If the budget is indeed so modest (5.5 million euros!), I would focus completely on preparing datasets and making sure all open cultural artifacts that we can find are well documented in them. That way every model, private or open, that gets trained in the future could better represent the culture and language of your country.
[-]
- iugtmkbdfil834 6 minutes ago
  
  I agree, the research is complex enough as is without having to worry about splitting it babel-like into multiple languages.
swiftcoder 2 hours ago

It is definitely an interesting problem, because Portugal is a small enough country that the actual total corpus of available texts in (non-Brazilian) Portuguese is potentially problematic.
[-]
- fy20 34 minutes ago
  
  European Portuguese is the 13th most populous language in Europe. Not that small, there are many other European languages in use that are much smaller.
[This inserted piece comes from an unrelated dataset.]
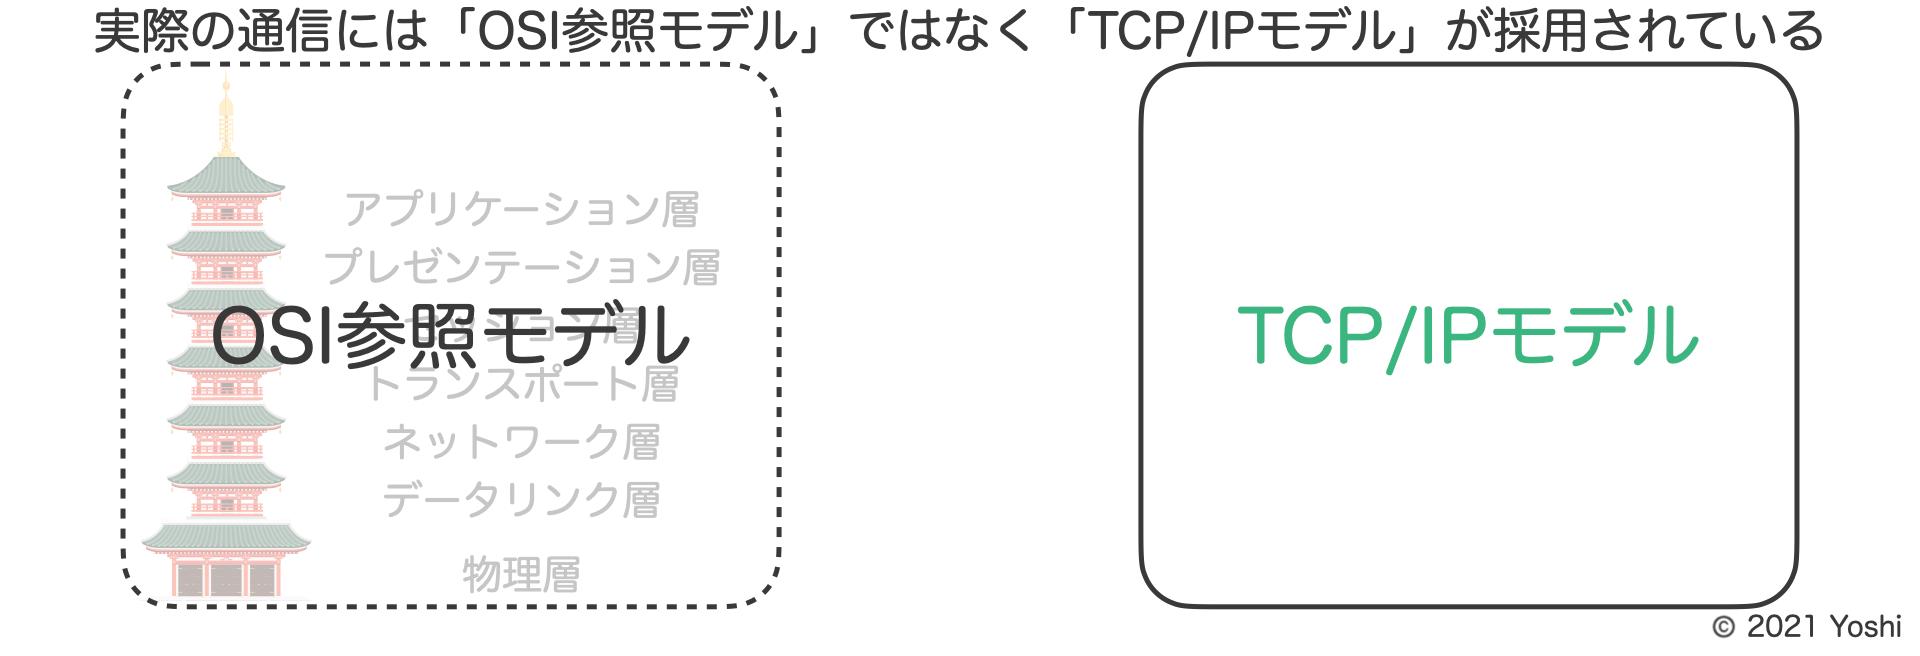 実際の通信にはOSI参照モデルではなくTCP/IPモデルが使用されている

  https://en.wikipedia.org/wiki/List_of_languages_by_number_of...
  [-]
  - depaulagu 30 minutes ago
    
    > European Portuguese is the 13th most populous language in Europe
    that's not impressive
    
    [-]
    
    senko 7 minutes ago
    
    Hello from 23rd
- embedding-shape 2 hours ago
  
  I don't think so, Portugal the country might be small, with a small population, but there is ~250 million "Lusophones" (native Portuguese speakers), making it the fifth-most spoken native language in the world, I'd hardly call that small :) And before everyone screams; yes, European Portuguese is different from Brazilian Portuguese, but they're still both Portuguese and understand each other, so it's not like the text from one cannot be used to train a model for the other, or vice-versa.
  All in all, I don't think that's a major issue here.
  [-]
  - swiftcoder 2 hours ago
    
    The authors are pretty clearly trying to draw only from European Portuguese sources - I feel like there's a fairly widespread attitude here that the language is being overwhelmed by the sheer number of Brazilian speakers (which there is obviously at least some truth to).
    I don't necessarily personally feel like preserving European Portuguese in amber is a worthwhile goal (anymore than it is productive for Brits to be prickly about the meteoric rise of US English)
    
    [-]
    
    madaxe_again an hour ago
    
    Man, there’s an attitude up here in trás-os-montes that the rest of Portugal has spoken unrecognisable trash for a century. It took me years to realise I’d learned hilariously antique Portuguese by moving there.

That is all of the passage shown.